Residents received letters from the clerk of the criminal court at the Somerset Magistrate's Court on August 19, stating that they were guilty of contravening sections of the national building regulations and building standards act.

Those who built structures, had no approved plans to do so.

Some residents, including 57-year-old Charmaine Bevers, are due to appear in court tomorrow. Bevers said she was disappointed after she received the letter.

She said she built her wendy house because there are too many people living with her in her RDP house.

Another resident who stays in a wendy house outside his brother's RDP house, Eben Maart, said he has been on the City's housing list for many years.

"If the City comes and breaks down my house, I will be left with nowhere to go," said Maart.

Community activist, Niklaas Thysen, said the City must find an amicable solution and not take them to court.

Good secretary-general Brett Herron, who raised the alarm after the community approached him, said the City’s approach to additional dwellings, in those cases, was quite astounding.

Herron said there was a housing crisis in the city with 400 000 people on a housing waiting list, with many living in backyard dwellings in every community across the Cape Flats.

One of the angry resident Charmaine Bevers from Lourensia Park. Lourensia Park residents in Somerset West are angry at the City of Cape Town, after they received summons in criminal proceedings for their backyard structures. Picture: Ayanda Ndamane/African News Agency (ANA)
One of the angry resident Charmaine Bevers from Lourensia Park. Lourensia Park residents in Somerset West are angry at the City of Cape Town, after they received summons in criminal proceedings for their backyard structures. Picture: Ayanda Ndamane/African News Agency (ANA)

The City has been unable to provide them with housing and relied on that relatively informal arrangement to keep about half a million people housed, he said.

"If these structures are regarded as illegal buildings and the City is now going to prosecute this arrangement as a criminal offence, then this will displace about 500 000 people," said Herron.

The City adopted a policy authorising second dwellings on every erf, he said. There were discussions of increasing that to third dwellings to address housing shortages and increase densities in a low density and inefficient urban form.
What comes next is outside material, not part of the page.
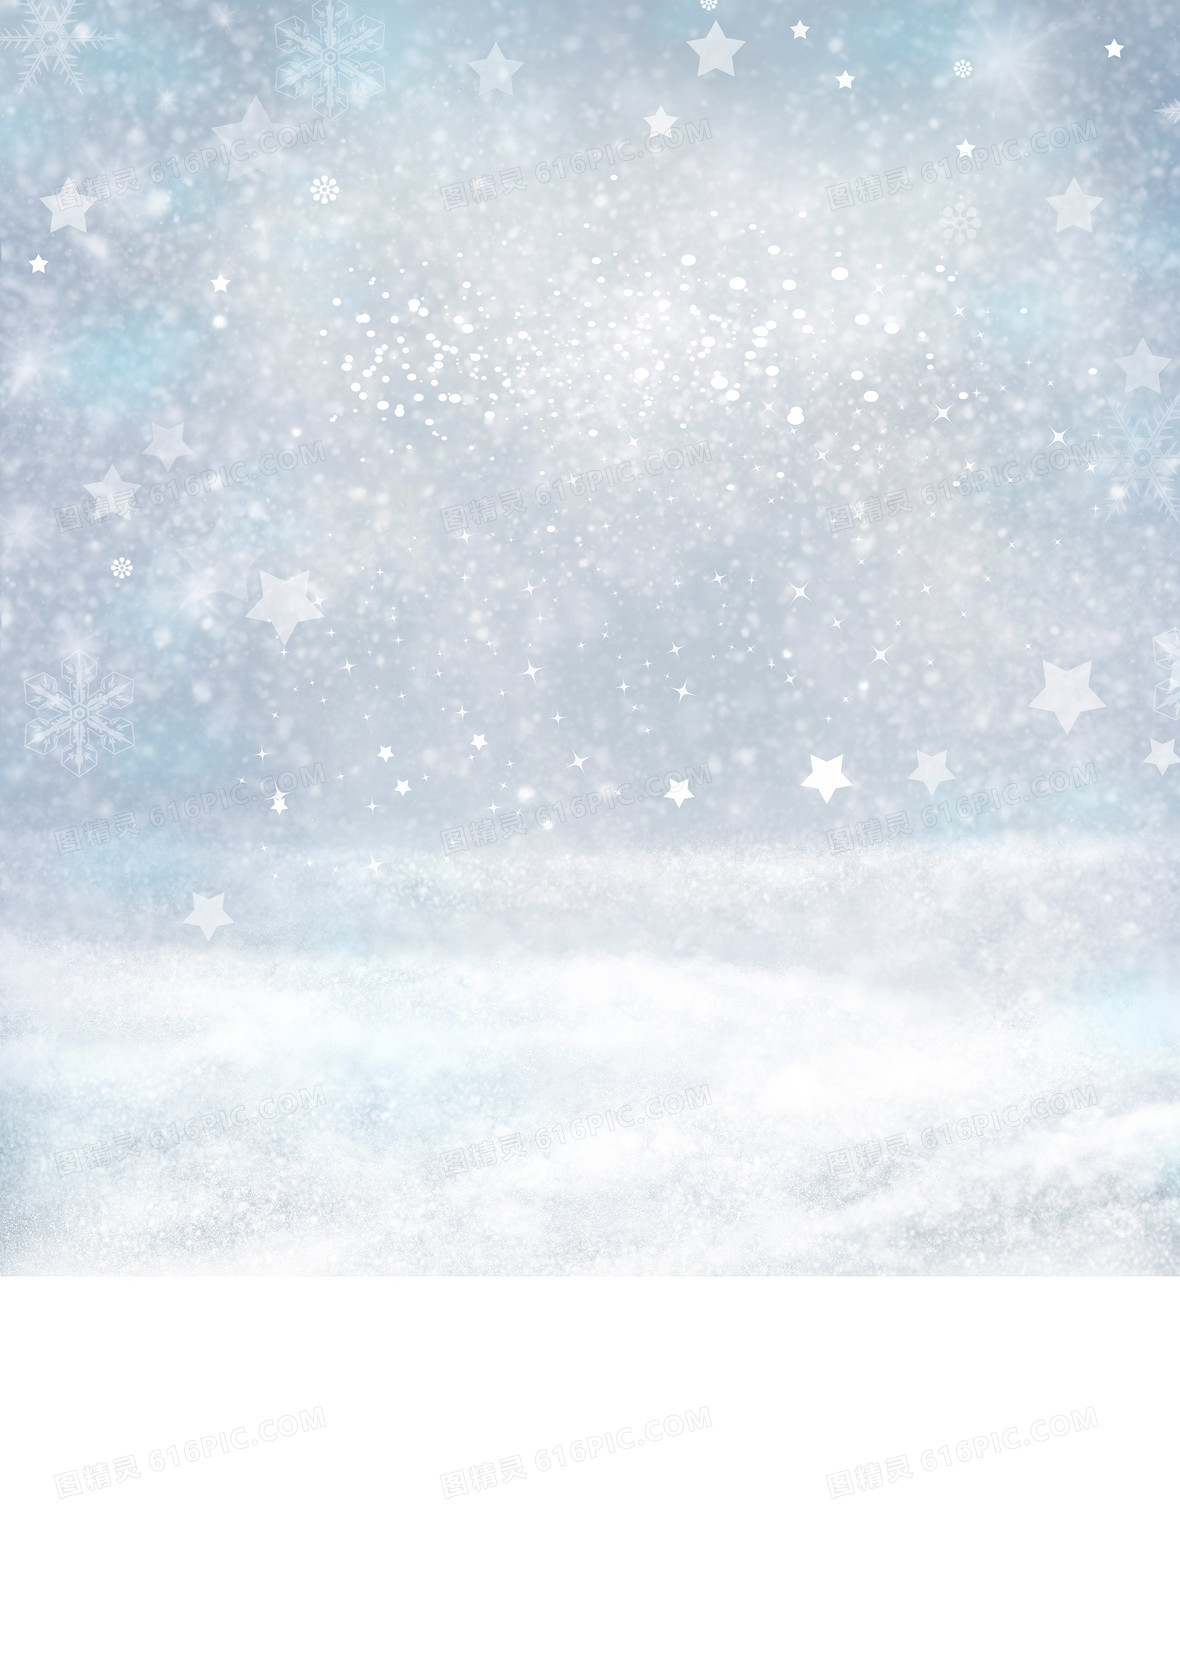 唯美冬天飘雪中的房屋背景图片下载_1920x700像素jpg格式_编号vjqfmk5

The prosecution of people for making a plan, where the City has failed, was a continuation of the criminalisation of poverty by the City government, he said.

"There are far better ways to approach this – especially since the City needs this housing – and that is to assist families with regularising any breach of building regulations," he said.

Spatial Planning and Environment Mayco member Marian Nieuwoudt said Lourensia Park is a formal housing development zoned for single residential zone 1 purposes.

For any habitable or other structure within that area, a building plan must be submitted in terms of the national building regulations and building standards act for consideration and approval prior to construction, she said.

"In the case of Lourensia Park, we have received a number of complaints over the past few months relating to unlawful building work. These complaints were all investigated and where building work took place without an approved building plan, a case was opened and notices served," said Nieuwoudt.

The notice was for the owner to submit a building plan in order to regularise any unlawful building activities. If that does not happen, the owner receives a summons to appear in court, she said.